As I stood browning sausage and toasting bread for the Thanksgiving stuffing this year, it occurred to me that putting together a Thanksgiving meal is much like managing a volunteer program.  It requires serious planning, attention to detail, and an understanding of the needs of the people around you (whether clients, volunteers, or your dinner guests).

For our Thanksgiving this year, we had seven people from four different states all convening at an aunt and uncle’s home in a fifth state.  The travel arrangements alone took up a whole lot of time and energy!  Then there was the meal.  Between food allergies and food preferences, cooking with my family can be quite a juggling act.  I, for instance, insist on canned cranberry sauce.  It’s about the only area where I won’t compromise, which I feel is fair for the least expensive item on the table.  We also have homemade cranberry sauce (which, oddly, I played a part in making this year.  Let’s just say I may have overdone it on the cloves.).  Other members of the family have their quirks, too.  Somehow, though, we make it work.  And that’s where the volunteer management skills come into play.

We know that good volunteer management requires a solid vision of the volunteer program.  We have to know what constitutes success before we even begin to put volunteers into action.  Like my heavily-cloved cranberry sauce, that doesn’t mean we don’t make mistakes.  But we know our goal and we put our resources into getting there.
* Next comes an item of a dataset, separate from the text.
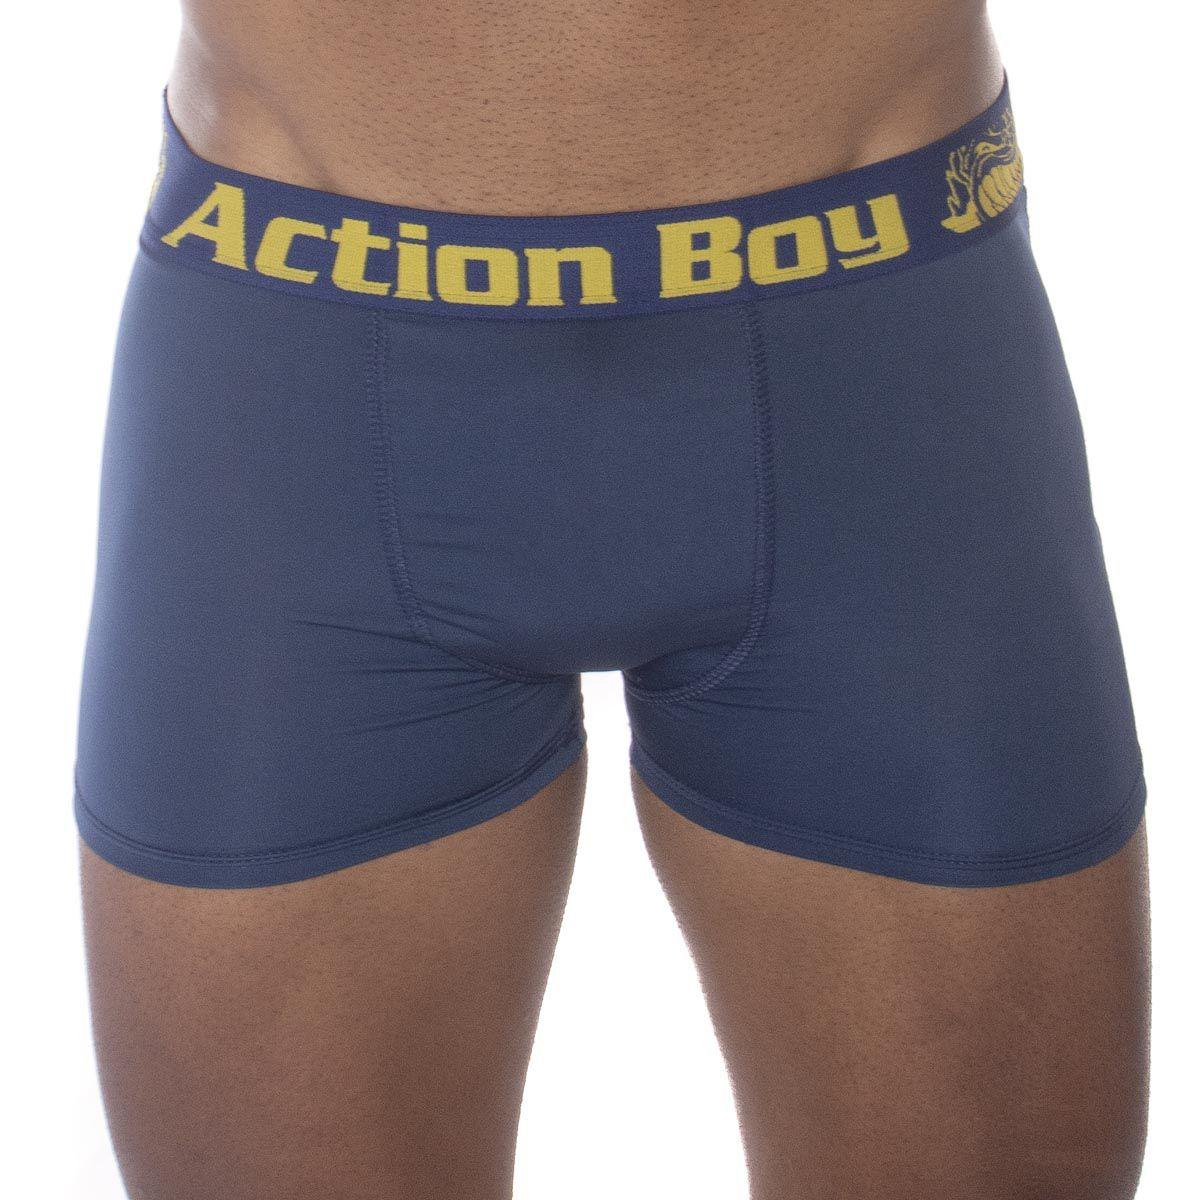 Kit com 3 Cuecas Boxer em Microfibra Lisa Action Boy

Sometimes the most challenging part can be getting the right volunteers into the right positions so that they are happy in their work.  This leads to better work and higher retention of the volunteers.  This is equally true at Thanksgiving.  What role do we give everyone so that each person plays a part in the success of the meal?  Let’s put the people who love cooking up front, the creative types can set the table, and those who love to clean up are on dish patrol.  Stick the friendliest person with the newest member of the family to make him/her feel comfortable.

If you’ve been to a dinner where people are in the wrong roles, you can feel the misery in the air.  Ask me to bake you a pie and you’re asking for a cranky woman in the kitchen and bad dessert for everyone!  We won’t meet our goal of a good meal for all and I’m not going to be too excited about next time.  Ask me to buy the groceries and wash the dishes and we’ll all be much happier.  The same is true of any volunteer event or program.

Plan right and get to know your volunteers.  Get the right people in the right positions and you’re more likely to see those volunteers return and get closer to reaching your goals.

People ask me for the secrets to volunteer retention all of the time.  I still have no Big Secret to unveil, but I think there’s a lot to learn from a family meal.  I hope you all enjoyed your Thanksgiving as much as I did and maybe had some “aha” moments as well!